Why care: This marks an important moment in telecom-finance convergence, where financial discipline and market credibility can unlock growth avenues in highly competitive ecosystems. The Cell C IPO would unbundle Blu Label, making it an attractive acquisition target for large banking firms like Capitec.

The Scoop

  • Vodacom finally settles its long-running "Please Call Me" legal saga, ending a costly chapter for one of Africa’s telecom giants. This closure clears regulatory and reputational roadblocks, allowing Vodacom to focus resources on innovation and customer experience improvements. Banks partnering with telecoms will want to watch how this legal resolution impacts Vodacom’s ecosystem partnerships.

  • In Wall Street drama, Hedgefund billionaire investor Michael Burry who predicted the housing crisis of 2008 - yes, the investor in the Big Short who walked around without shoes - is placing a huge $11 billion bet against AI darlings Nvidia and Palantir, underscoring the polarised views on AI’s market impact and future.

  • On the VC front, South African born Roelof Botha is stepping down as head of Sequoia Capital, a signal that could reshape African venture capital flows. Executives should watch how leadership shifts impact startup funding and support for scaling fintech ventures.

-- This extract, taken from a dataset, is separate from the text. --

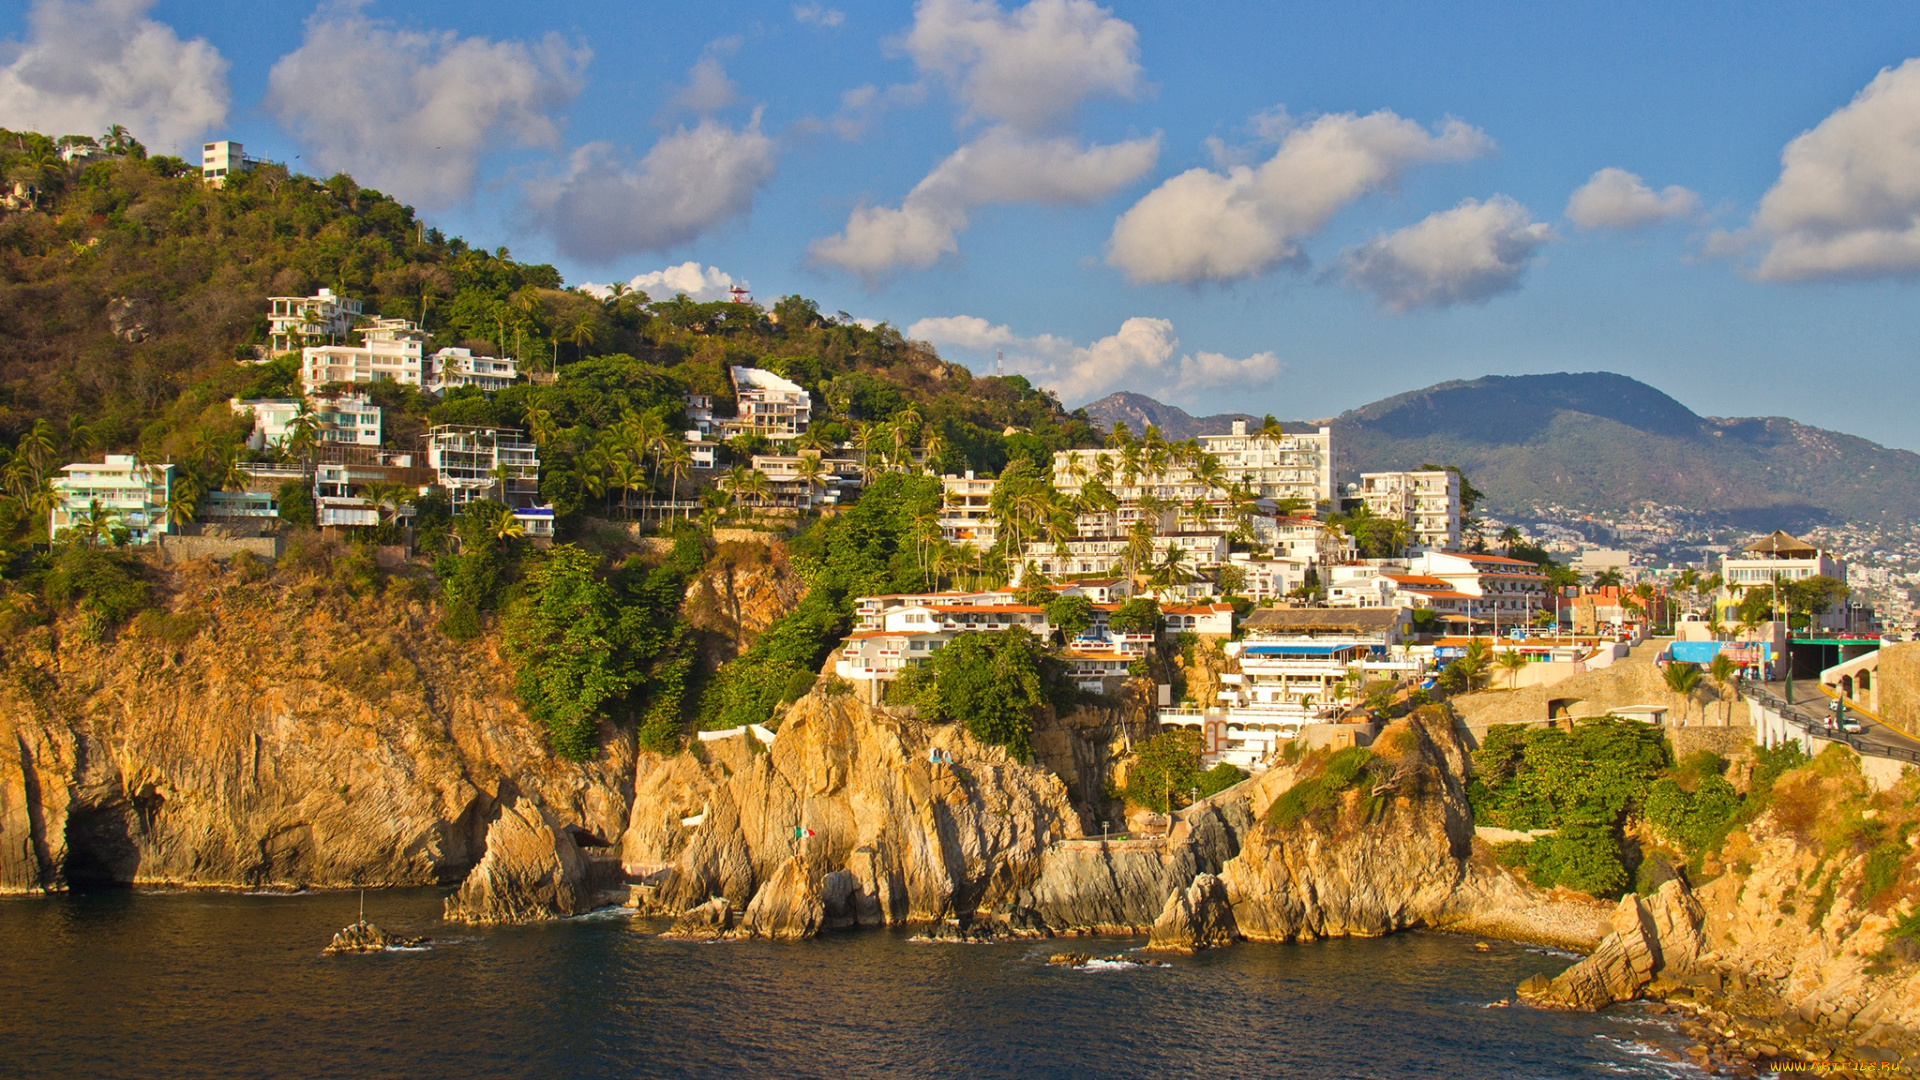 города, -, панорамы, море, горы, дома, acapulco, солнце, небо, скалы, облака, мексика, побережье, деревья

  • Former Vodacom Group executive Romeo Kumalo, co-founder of LLH Capital, is planning to raise a $200 million (about R3.5 billion) private equity fund focused on investing in artificial intelligence startups across Africa. This move comes on the heels of LLH Capital’s profitable exit from Optasia, the fintech and AI platform that recently debuted on the Johannesburg Stock Exchange.

Startup Spotlight

Pesapal is a Kenyan fintech powerhouse that's reshaping digital payments across East Africa and beyond. Founded in 2009 by Agosta Liko, Pesapal offers a versatile platform where users can pay bills, book flights and hotels, or shop online: all in one secure app that integrates major payment systems like M-Pesa, Airtel Money, Visa, and Mastercard.

Licensed by the Central Bank of Kenya, Pesapal targets SMEs and local merchants with tools such as POS terminals, e-commerce integrations, and management dashboards, enabling businesses to accept mobile money and card payments seamlessly.

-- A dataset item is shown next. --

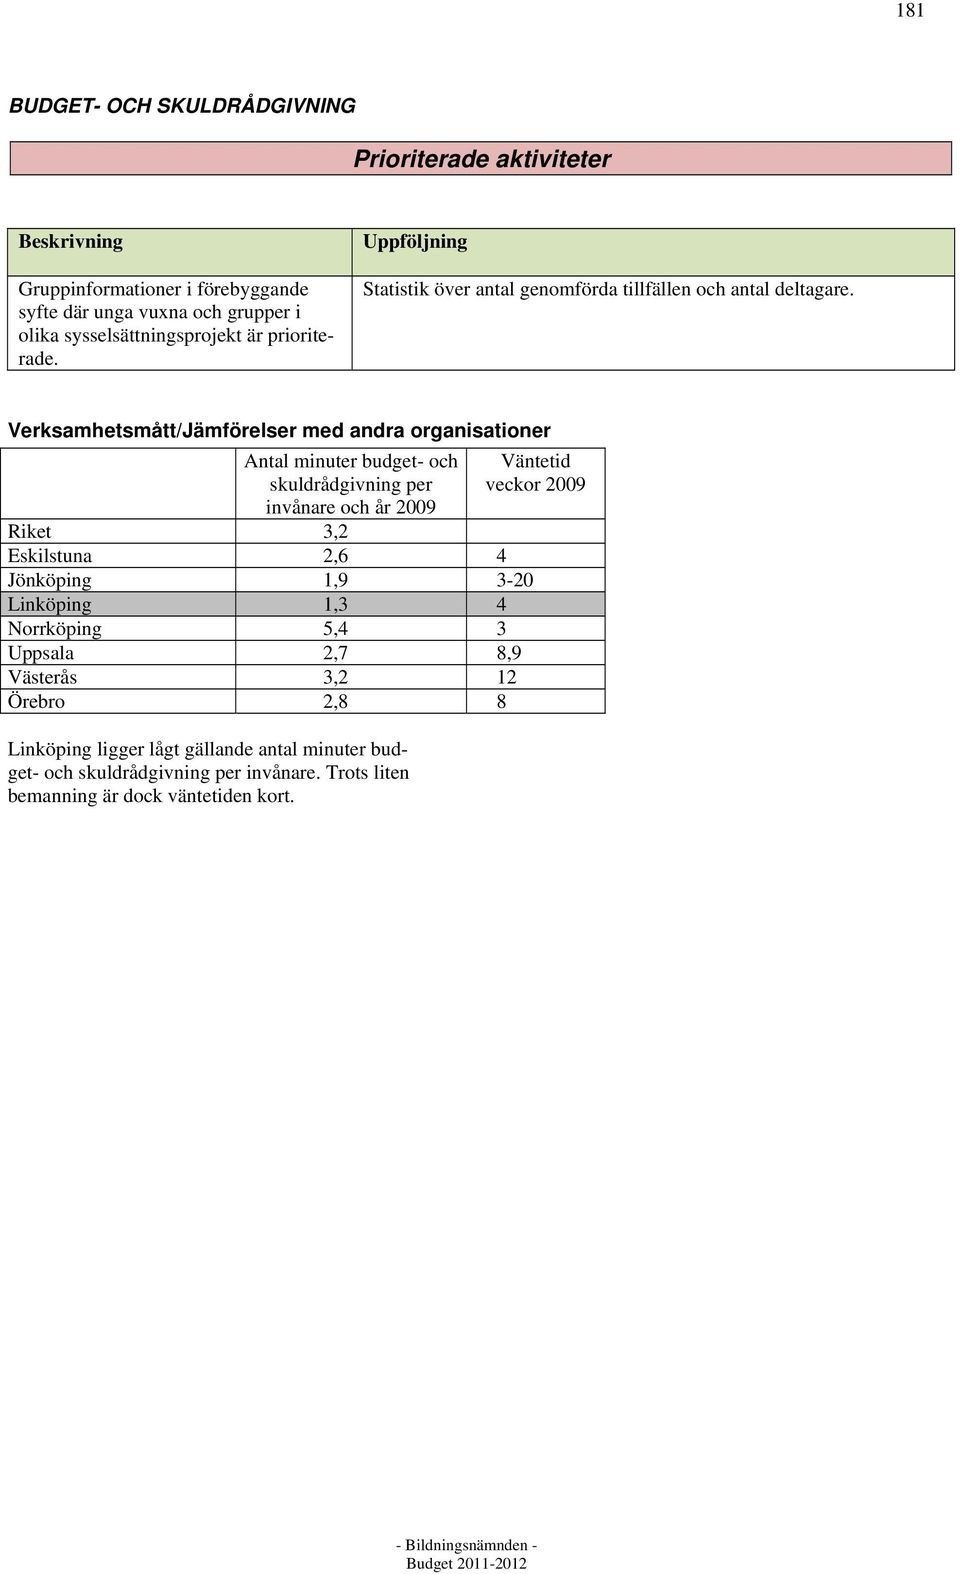 Verksamhetsmått/Jämförelser med andra organisationer Antal minuter budget- och skuldrådgivning per invånare och år 2009 Väntetid veckor 2009 Riket 3,2 Eskilstuna

Recently, banking giant KCB Group acquired a minority stake in Pesapal, underscoring its commitment to building an integrated financial ecosystem that combines KCB's heavyweight banking reach with Pesapal’s agile payment solutions.

+ This

The Original "Pygg": In The Middle Ages, people commonly used household jars and pots made from a type of inexpensive, unglazed orange-colored clay known as "pygg" (or pygge). They would store their coins and leftover change in these pygg jars. And over time, when asked to make a bank, English potters began to craft the containers in the shape of a pig as a kind of funny, clever pun on the material's name. This playful tradition stuck, giving us the iconic piggy bank we know today.